A CHANNEL FIVE NEWS crew went to the Harlingen neighborhood on Friday and saw the trains stationed in the area. But by Monday, they were nowhere in sight.

Some of the train cars had HazMat placards with code “1993” on them. According to the Electronic Code of Federal Regulations, the code means combustible chemicals can be carried inside.

“If this was combustible material, are these tanks full?” questioned Menendez. “Do we know? Has anyone been informed that they are going to park here for the whole duration of the weekend?”

Menendez added she’s concerned for her neighbors.

“There’s a lot of elderly people. There’s a lot of children involved that live here, and there’s even a school!

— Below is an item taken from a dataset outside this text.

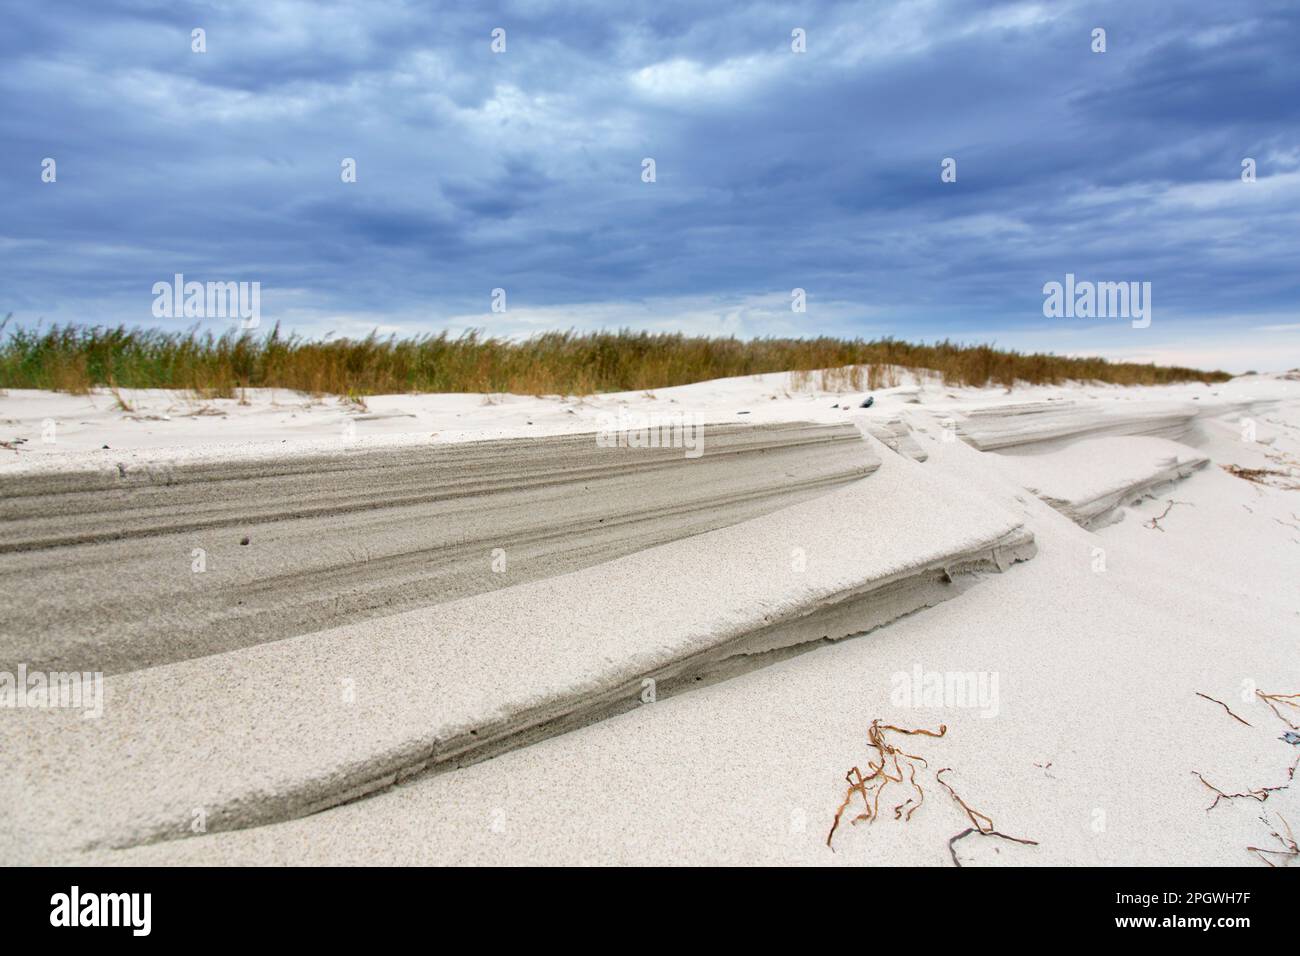 Plage de sable et dune de sable le long de la mer Baltique au parc national de la région de la lagune de Poméranie occidentale, Mecklembourg-Poméranie-Occidentale, Allemagne Banque D'Images

Stuart place Elementary and I’m concerned,” she said.   

The Rio Valley Switching Company has managed the railroad in Harlingen, in addition to McAllen and Edinburg, since 1993.

RVSC sent us the following statement, which reads in part: .

“RVSC is currently using some of its tracks to store idle railcars. All of the storage cars currently on RVSC’s tracks are empty. Some of the railcars being stored have placards indicating that the prior load may have contained hazardous material. Regulations require that any car that last contained hazardous material must display a placard, even though the car is a residue empty.”

The Federal Railroad Administration regulates the operations of the Rio Valley Switching Company.

The company urged the public to contact the proper authorities if they see suspicious activities:

“RVSC encourages the public to contact the RVSC office or local law enforcement if anyone is observed trespassing on the railroad right of way or tampering with any railroad equipment. In short, if you see something, say something!”